This Amendment relates to the
common shares, $.001 par value (the Shares) of Deep Down, Inc. (the Issuer). Capitalized terms used in this Amendment, but not otherwise defined herein, have the meanings set forth in the Original Schedule 13D.
This Amendment is being filed to amend and supplement Item 5 of the Schedule 13D as follows:
Item 5. Interest in Securities of the Issuer.
(a) and (b). See Items 7-11 on the cover page and Item 2 above. These amounts include: 710,562 shares held indirectly
through an IRA, 930,651 shares directly held by Mr. Smiths spouse, and 23,071 shares held indirectly by Mr. Smiths spouse through an IRA.
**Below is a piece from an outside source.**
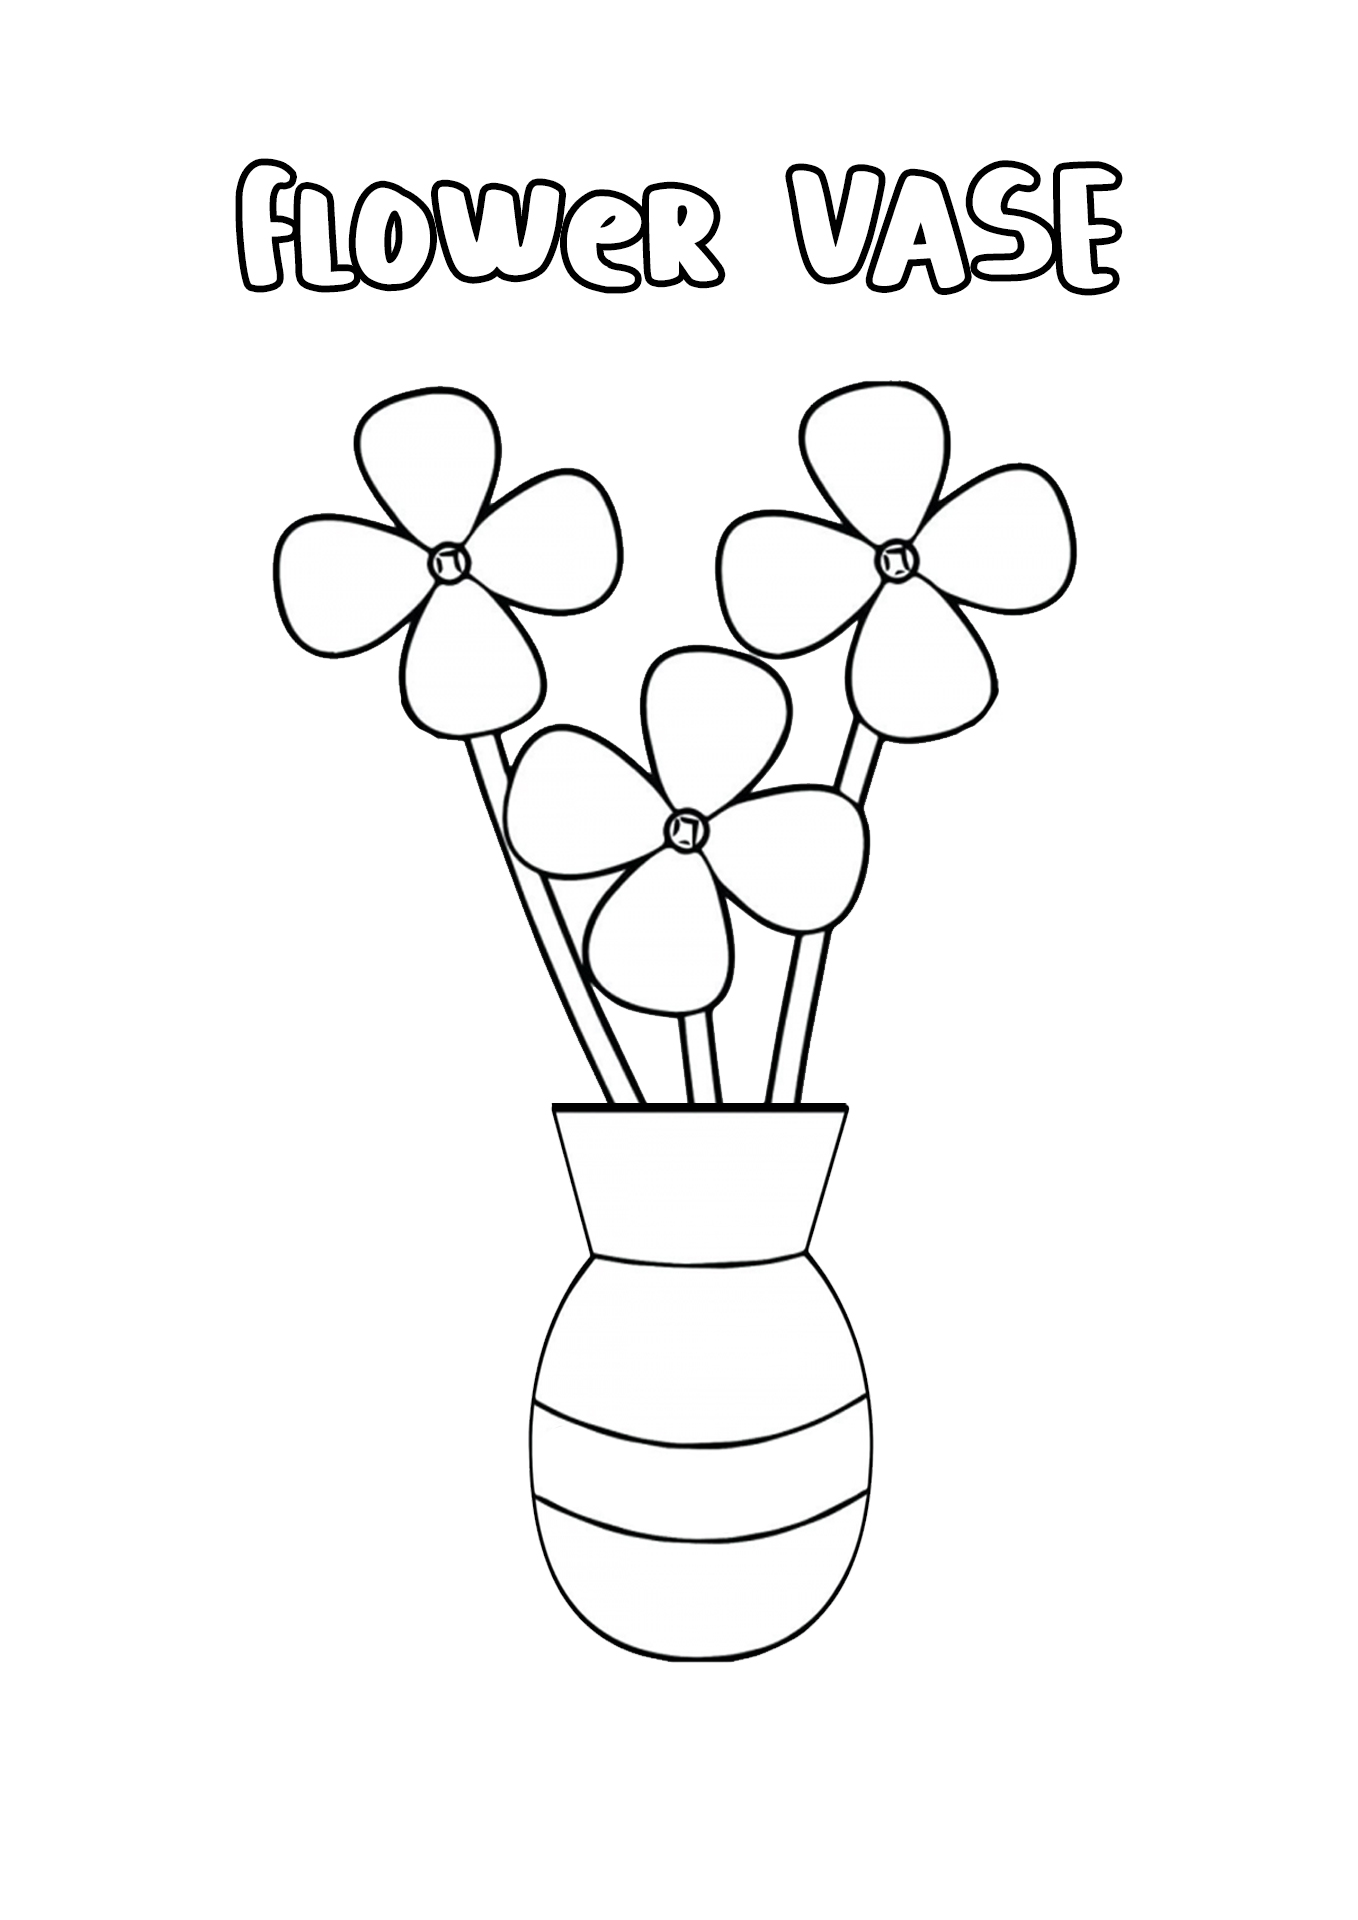 Flower Vase Coloring Page Image

Pursuant to Rule 13d-4, Mr. Smith expressly declares that this Schedule 13D and any amendments hereto shall not
be construed as an admission that Mr. Smith is, for the purposes of Section 13(d) or 13(g) of the Securities Exchange Act of 1934, as amended, the beneficial owner of any securities reported herein, except to the extent that Mr. Smith
owns such shares.
The percentage calculations herein are based on the Issuers statement in its Quarterly Report filed with the Securities and
Exchange Commission on November 12, 2019, that there were 13,290,680 shares outstanding.
(c)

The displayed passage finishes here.